# Homework Help: Why does this system of equations lead to inaccurate results?

1. Oct 4, 2016

### k_squared

1. The problem statement, all variables and given/known data
A soccer ball is kicked. If there is a 3 meter high fence, that is 6 meters away, compute the angle of the kick and the magnitude of the velocity of a ball.

2. Relevant equations
a_y=-g
v_y=-gt+v_y_0
s_y=-(1/2)gt^2+v_y_0(t)

v_x is constant: we neglect air resistance.
6=v_x_0t

3. The attempt at a solution

Because the maximum height is 3, the direction of v_y changes from positive to negative at this point.
0= -gt+v_y_0
3=-.5gt^2+t*v_y_0

We solve this system of equations to yield the initial speed in the y direction, and the time at which the ball passes over the fence. We then use the equations for the position on the x axis: 6=tv_0_x and compute V_0_x.

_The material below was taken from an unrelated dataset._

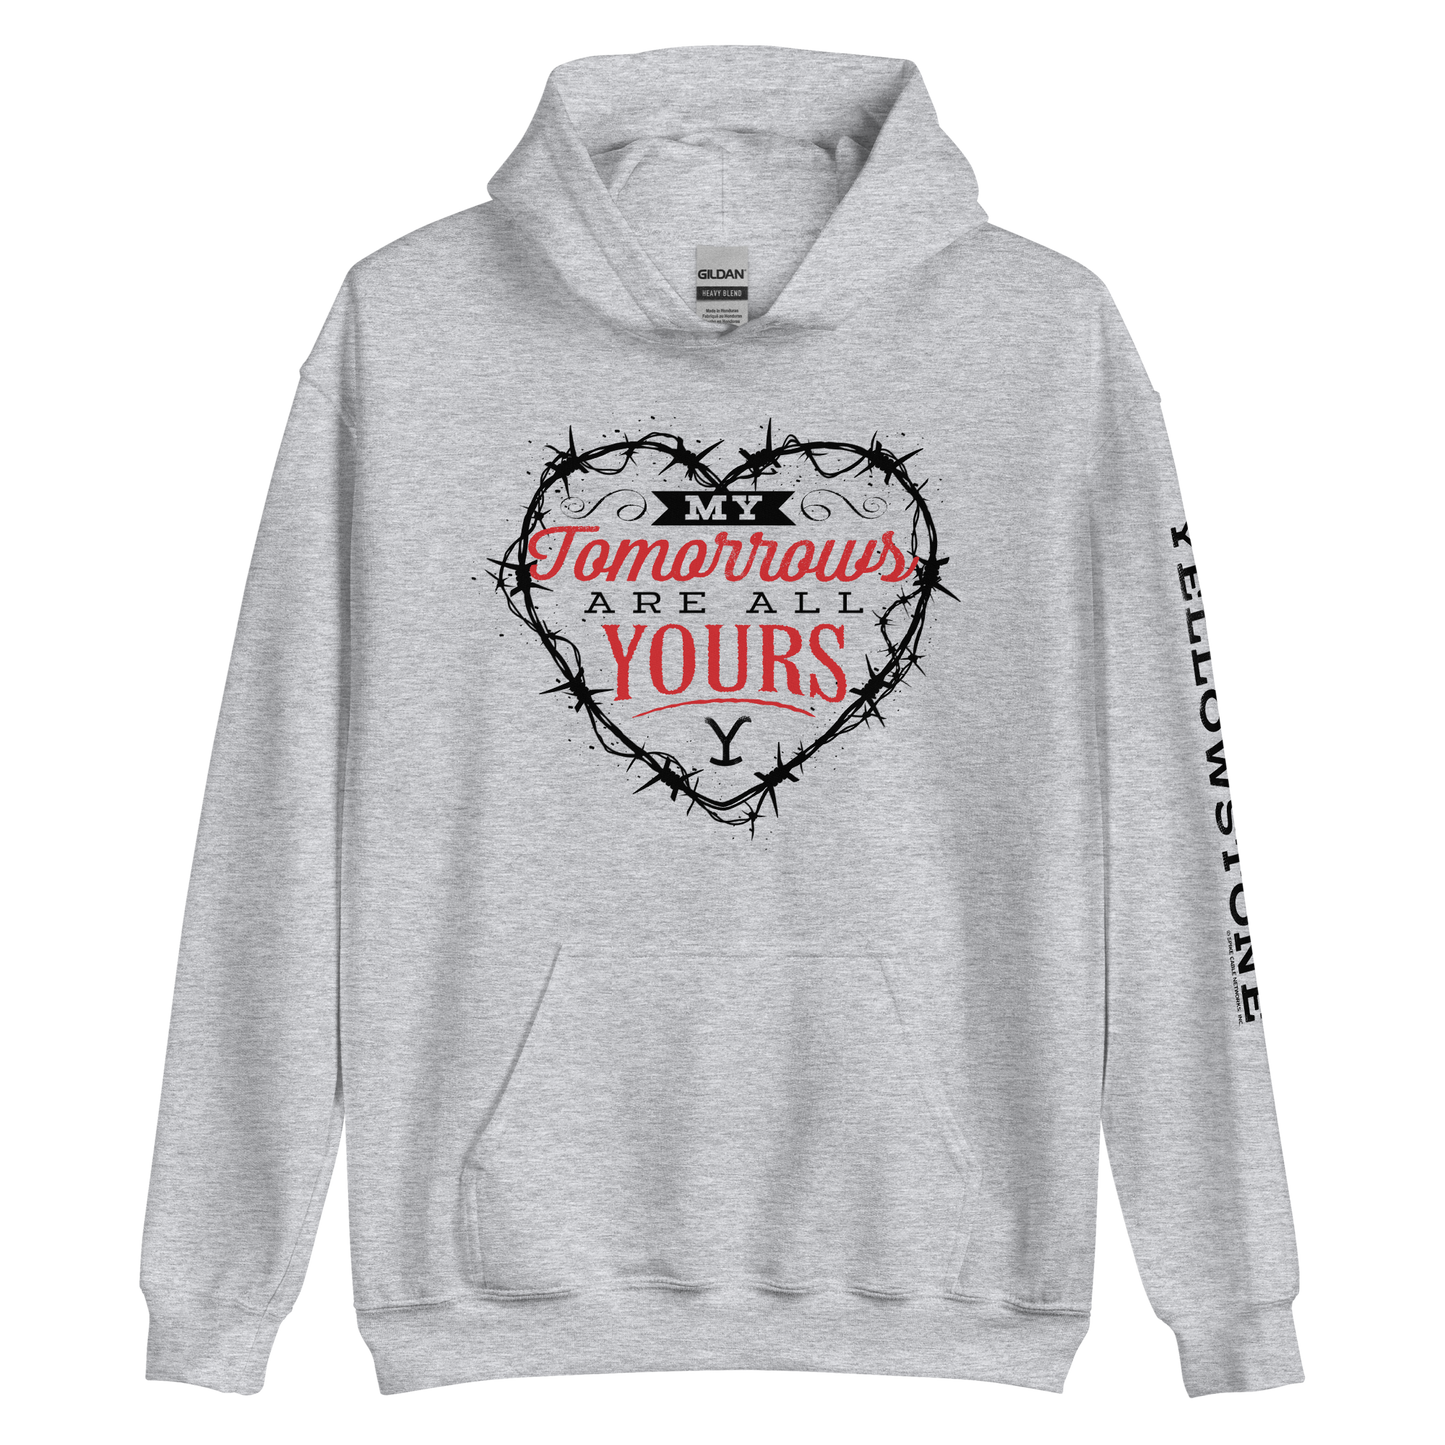 Yellowstone My Tomorrows Are All Yours Sweatshirt à capuche

We use arc-tangent to get the angle from the two speeds. The angle is wrong. My maximum speed is close, but still wrong.

What is the problem with this set of equations such that it will not yield a correct answer?

2. Oct 4, 2016

Your equations look correct. Show a little more work please such as the answers that you got and maybe we can see if you got the correct answer or not.

3. Oct 4, 2016

### Staff: Mentor

Your problem statement sets the scene, but it doesn't state the goal. Is the ball meant to clear the fence? If so, it doesn't state that it must do so at the top of the ball's trajectory: the ball could still be rising at that point, or descending. In fact, as given there are infinitely many solutions (given a suitably ideal ball ).

4. Oct 4, 2016

5. Oct 4, 2016

### haruspex

I assume the question wants you to find the angle for the least initial speed.
As gneill points out, that's just an assumption. The question as you have written it does not state that. Try dropping it.
(The official answer is greater for the angle and less for the speed than you obtained, right?)

6. Oct 4, 2016

### k_squared

I'm sorry. The question states: *FIND THE MINIMUM INITIAL VELOCITY" for the ball to clear the fence. I should have made this clearer!

7. Oct 5, 2016

### ehild

Supposing that the maximum height is 3 m and the distance of the fence is 6 m, what did you get for the tangent of the angle?

8. Oct 5, 2016

### k_squared

45 degrees. The V_y_0 and V_x_0 are very very close.

9. Oct 5, 2016

### ehild

Then drop the condition that 3 m is the maximum height. The ball must clear the point (6,3). Eliminate the time and use the equation of the trajectory of the ball. Write v02 in terms of θ, and find its minimum.

Last edited: Oct 5, 2016
10. Oct 5, 2016

### k_squared

But if it were the slowest possible launch speed, wouldn't that mean that the top of the fence is at the vertex?

11. Oct 5, 2016

### ehild

Can you prove it? It is not sure.

You certainly know the function y(x), the height of the projectile at distance x (https://en.wikipedia.org/wiki/Trajectory_of_a_projectile)

$y=x\tan(\theta)-\frac{gx^2}{2(v_0 \cos (\theta))^2}$

In our case y=3 m if x=6 m. This gives you a relation between the initial speed v0 and the angle θ. At what angle is v02 minimum?

12. Oct 5, 2016

### haruspex

If you launch it at a slightly steeper angle than that you will need a bit more vertical speed to get it over. But it will take longer to reach the fence, so you do not need as much horizontal speed. Which wins? Do the math and find out.